Throughout it's 60-year old history, the European Union has helped to anchor that
perspective of change, as a haven of prosperity and peace. It is true for Belgium, the
Netherlands, France, Germany, and the other founders after 1945. It is true for Greece,
Spain and Portugal after the end of their dictatorships. It is true for the former communist
countries which joined after the end of the Cold War. And, most recently, it is true for the
countries of former Yugoslavia.
Only four months ago, Croatia became the 28th member state of the Union. At the same
moment, Serbia became an official candidate country – a step made possible thanks to the
improvement in its relations with Kosovo. The entry of the countries of the Western
Balkans into the Union will seal an end to the last civil war in the long history of Europe –
no more, no less.
So to those who say that war is so far away in our past that peace cannot be a key issue in
Europe anymore, that it does not appeal to the younger generations, I always answer: just
go out there and ask the people there! And ask the young ones too!

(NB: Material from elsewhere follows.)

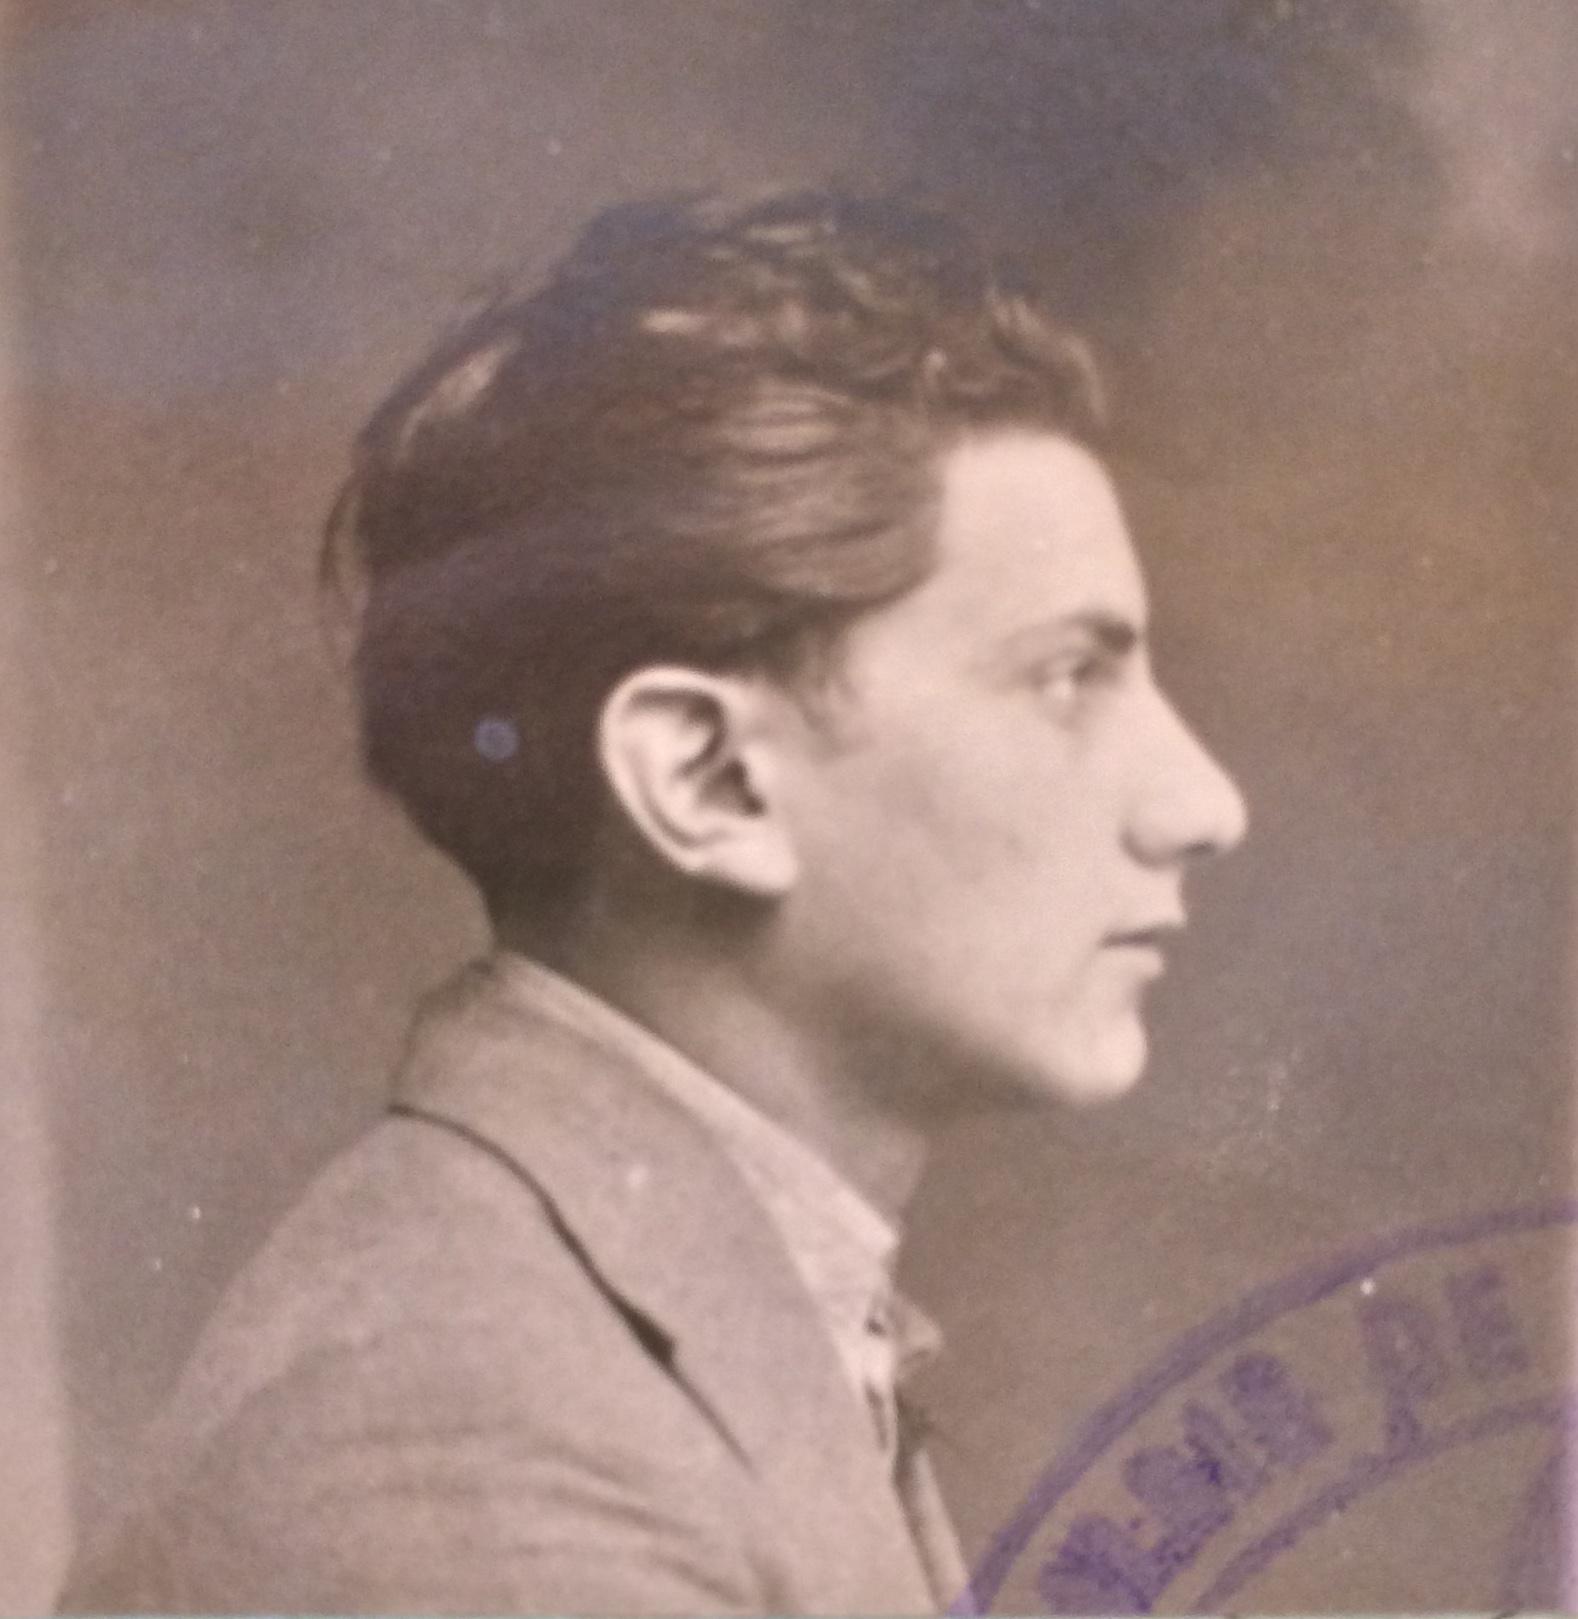 Maurice WEBERSPIEL 1940 [ADML 120W65]

Of course, I am deeply aware that this is not the only story about Europe and our Union to
tell, certainly not nowadays, and certainly not everywhere in Europe. We are slowly – too
slowly – getting out of the worst economic crisis in two generations. Parents struggling to
make ends meet, workers recently laid off, students who fear that, however hard they try,
they won't get that first job: when they think about Europe, peace is not the first thing that
comes to mind… And yet, and yet it remains our fundamental motive.

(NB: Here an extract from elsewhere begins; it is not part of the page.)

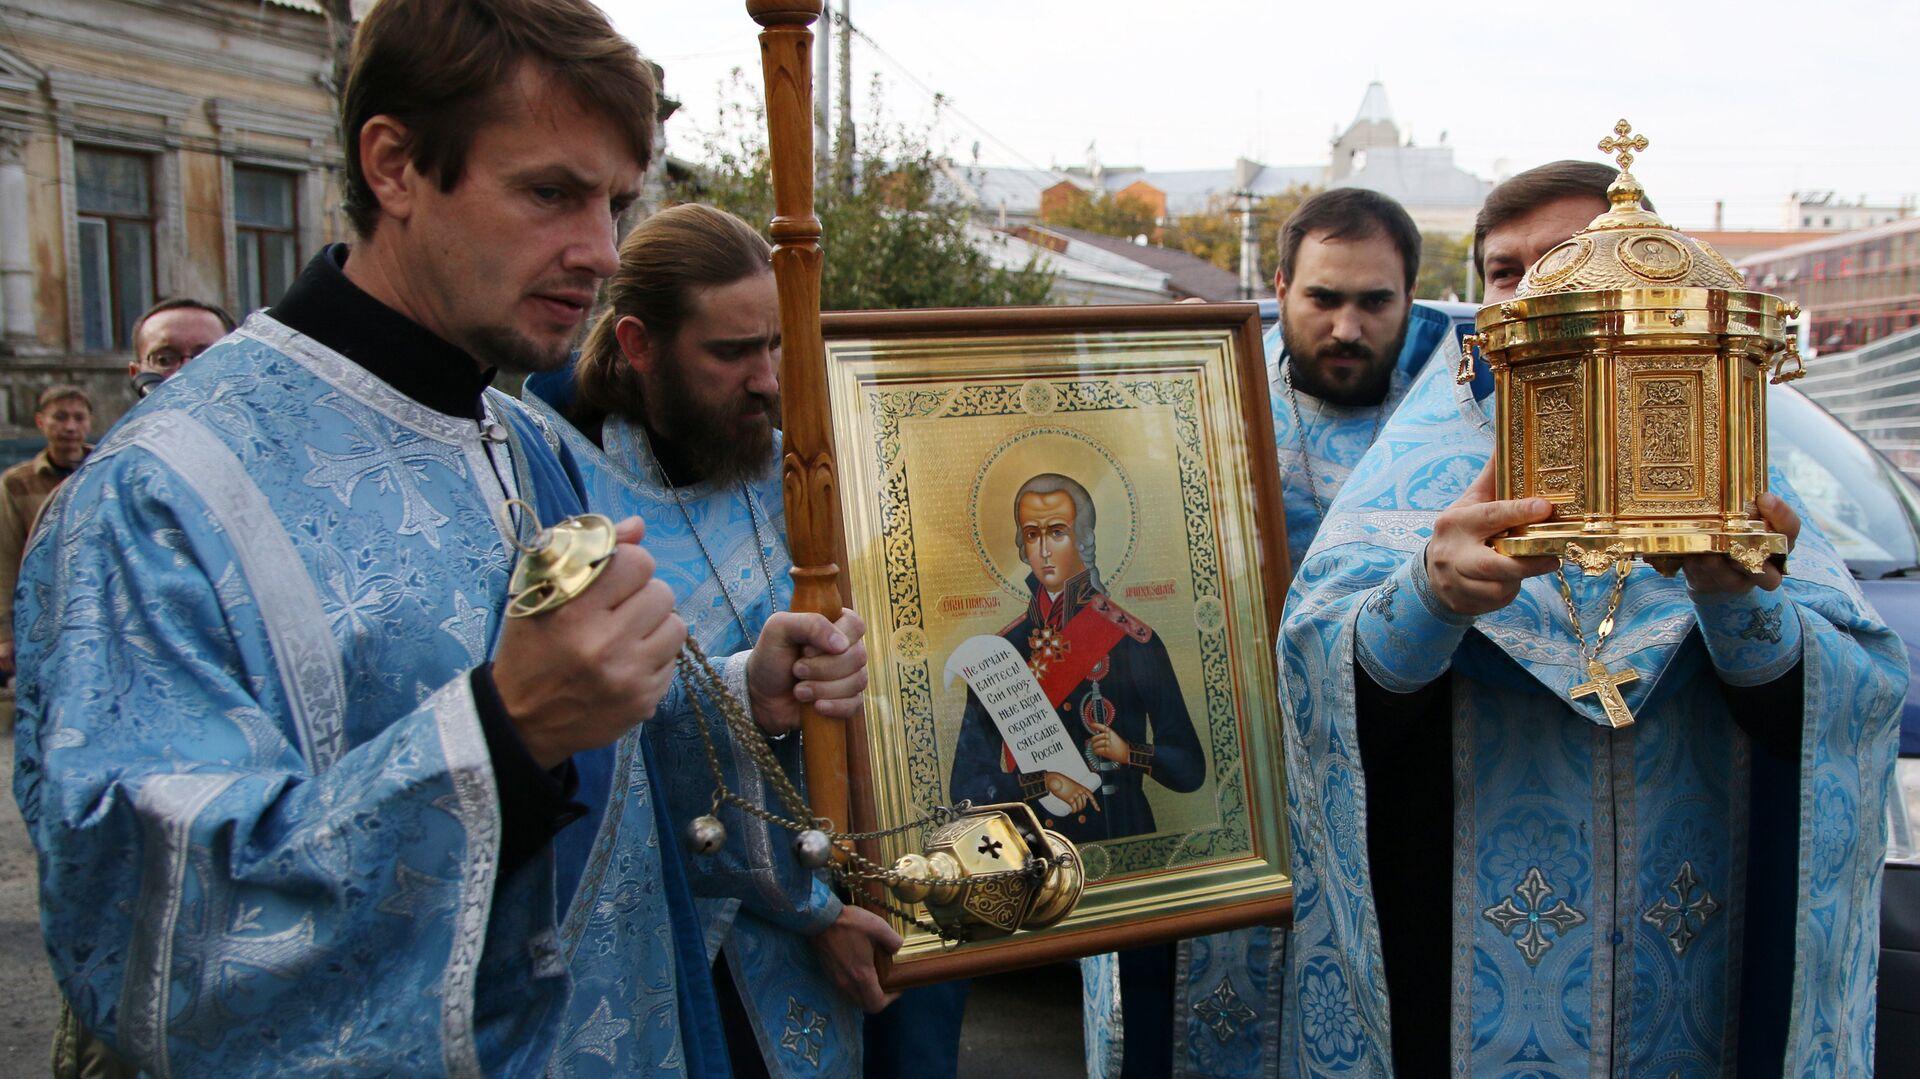 Мощи святого Федора Ушакова доставили в Крым - РИА Новости, 1920, 05.08.2021

Europe also strives to bring some of these hard-won lessons to the rest of the world. With
our experience, of binding interests so tightly that war becomes materially impossible: not
as a recipe, but as an inspiration.
And also with actions. The European Union's foreign policy embodies this awareness of
today's conference: that winning the peace is more than ending the war. That societies need
to be mended.
Europe is represented in crisis and conflict zones, by doctors and emergency staff, by
agronomists and engineers, and also by magistrates, police officers and soldiers. They are
all there to support the efforts of their local counterparts to stabilise a country, to restore
order, the rule of law and a sense of justice, and to provide hope for the future.

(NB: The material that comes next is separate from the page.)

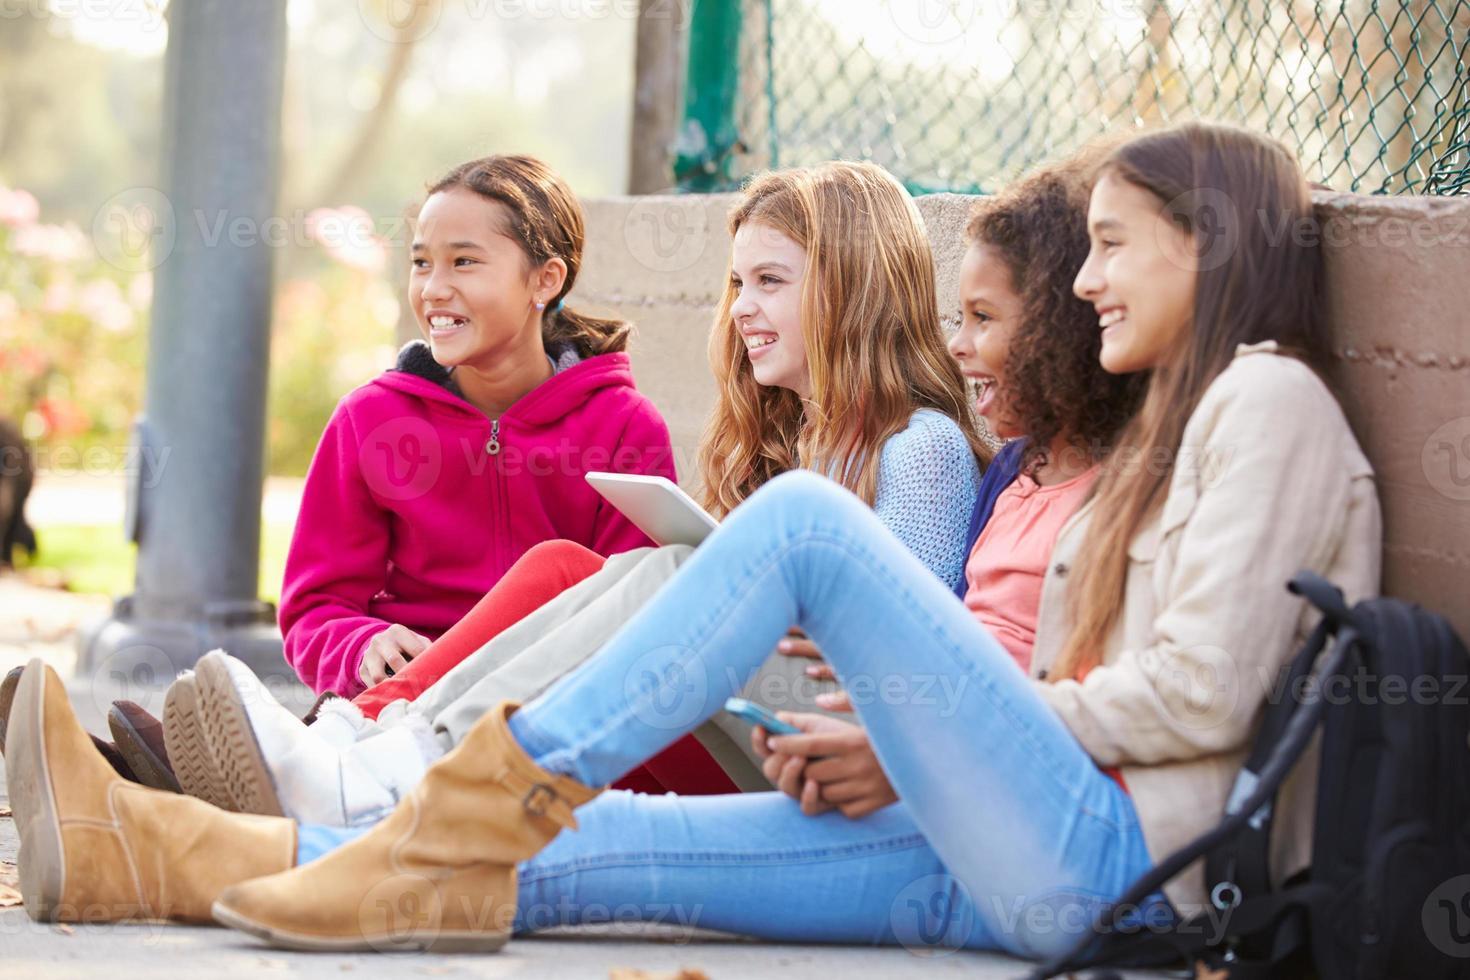 meninas usando tablets digitais e telefones celulares no parque foto

Despite the financial crisis at home, the European Union has launched no fewer than five
new EU civilian or military missions in the last two years: to support reconstruction in
Mali and South Sudan, and to restore security in the Sahel, on the borders of Libya and off
the coast of Somalia. In the course of 2013 we have also renewed the mandates for
operations in Afghanistan, Georgia and the Democratic Republic of the Congo. It is all
about building peace.
EUCO 222/13
3
E
We know that rebuilding a country, rebuilding a society, rebuilding trust, takes time. But
we can do it. All is not bright, all is not rosy, yet if we look back 100 years, at the blessedly
innocent year 1913, we see real progress.
We have left behind us the battles of history between religions, nations, dynasties,
ideologies. A hundred years on, we can look at our future with confidence, and selfconfidence, even in these difficult economic times. The world is more open, more
connected, it is safer, if still unpredictable. Science and scientific research can play an
immensely positive role – and I hope this conference can identify new avenues for it to do
so.
Born in 1947, I am a post-war child. If some of you here, like myself, have grand-children,
these children are the third generation who've only known peace in Europe. Each
generation is responsible for peace in its time, and beyond. We may hold a different place
in the world today, but we live in a better Europe and in a better world. That's why I'm
ready to say: yes, humankind can make moral and political progress. That's why in these
difficult years, I remain a man of hope.